Current at different points in a DC boost-converter

simulate this circuit – Schematic created using CircuitLab

I have a voltage source(V1) connected to a boost-converter, the components aren't rated(more focused into the theory than actual build). What is confusing me, is the current. The input current will be set to whatever the power-supply(V1) is inputting into the circuit, I know that input-current $I_o$ < $I_i$, I'm not sure how to rate the currents like so:

At point(A) : $\ I_i$

At all other points, is current simply $\ I_o$ = $\ \frac{V}{R}$ at B,C,D? What's troubling me is point A and the rest, how are they different values in series... like A and D

input current $I_o < I_i$

This equation refers to the average input and output currents.
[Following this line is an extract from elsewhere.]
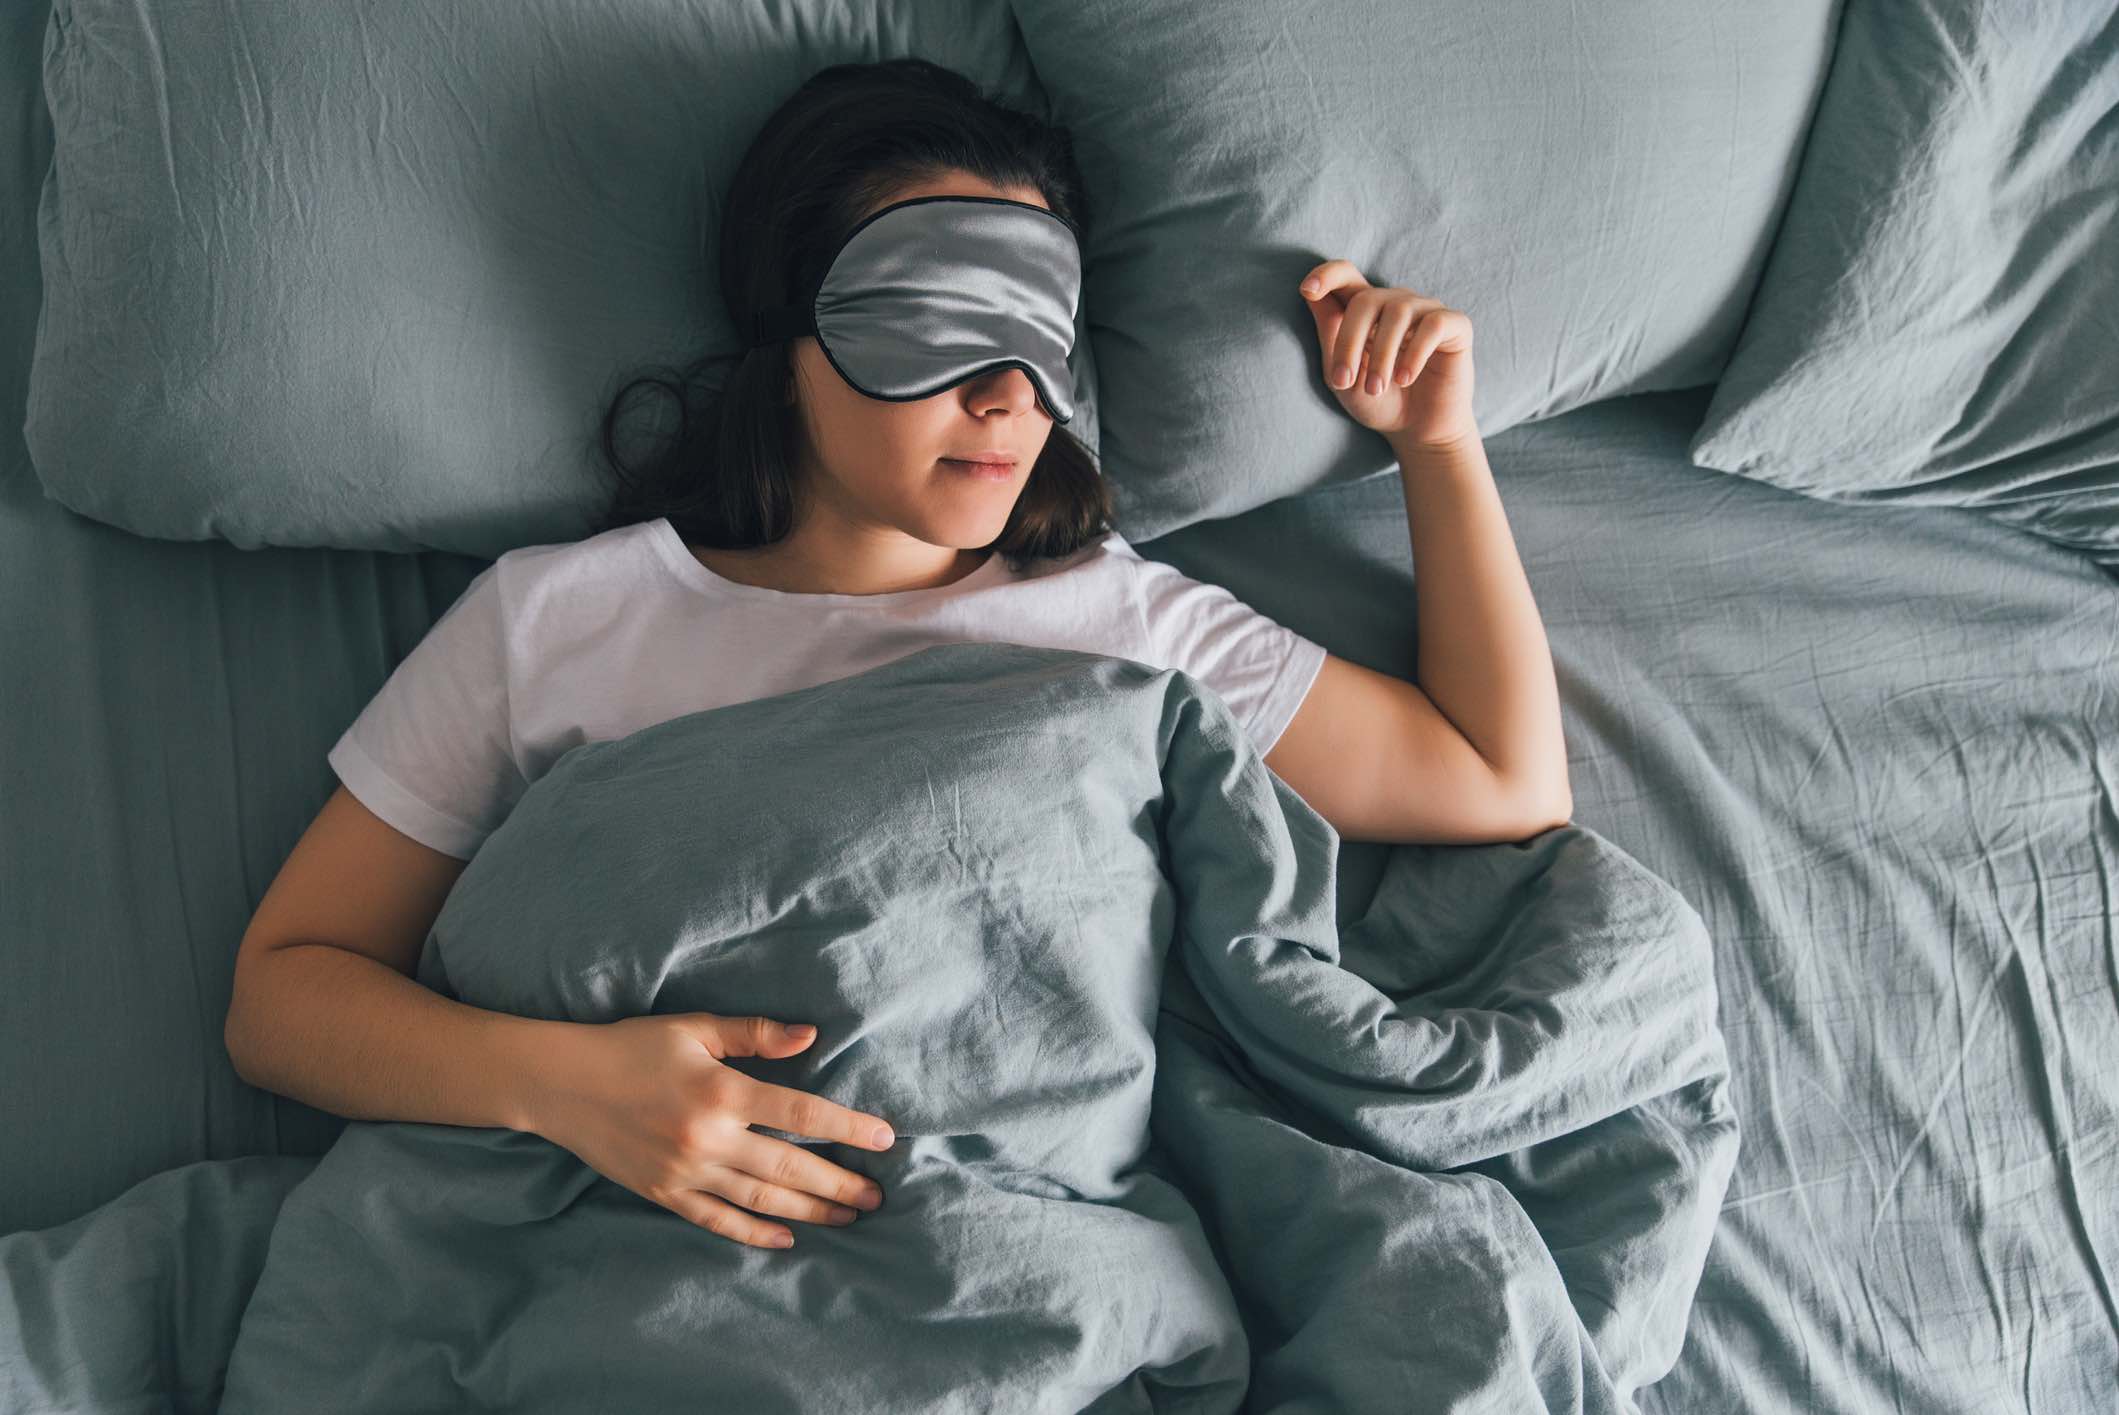 जिन महिलाओं को सोने में परेशानी होती है उनके लिए पांच टिप्स Tips

During the switching cycle the input current will increase and decrease, roughly following a triangle wave shape.

When the switch M1 is closed, the current drawn from V1 increases, building up energy in the magnetic field of L1. Meanwhile the load draws current from output capacitor C2. When M1 is opened, current drawn from V1 decreases as the built up energy in L1 is delivered to C2.

At all other points, is current simply $I_o = \frac{V}{R}$ at B, C, D?

At B, it will be roughly $\frac{V}{R}$, but will still have some ripple because $V_o$ will have some ripple.

At C, you will have the combined return current of the load current ($\frac{V_o}{R}$) plus the current through C2, which will be positive in some parts of the cycle and negative in other parts.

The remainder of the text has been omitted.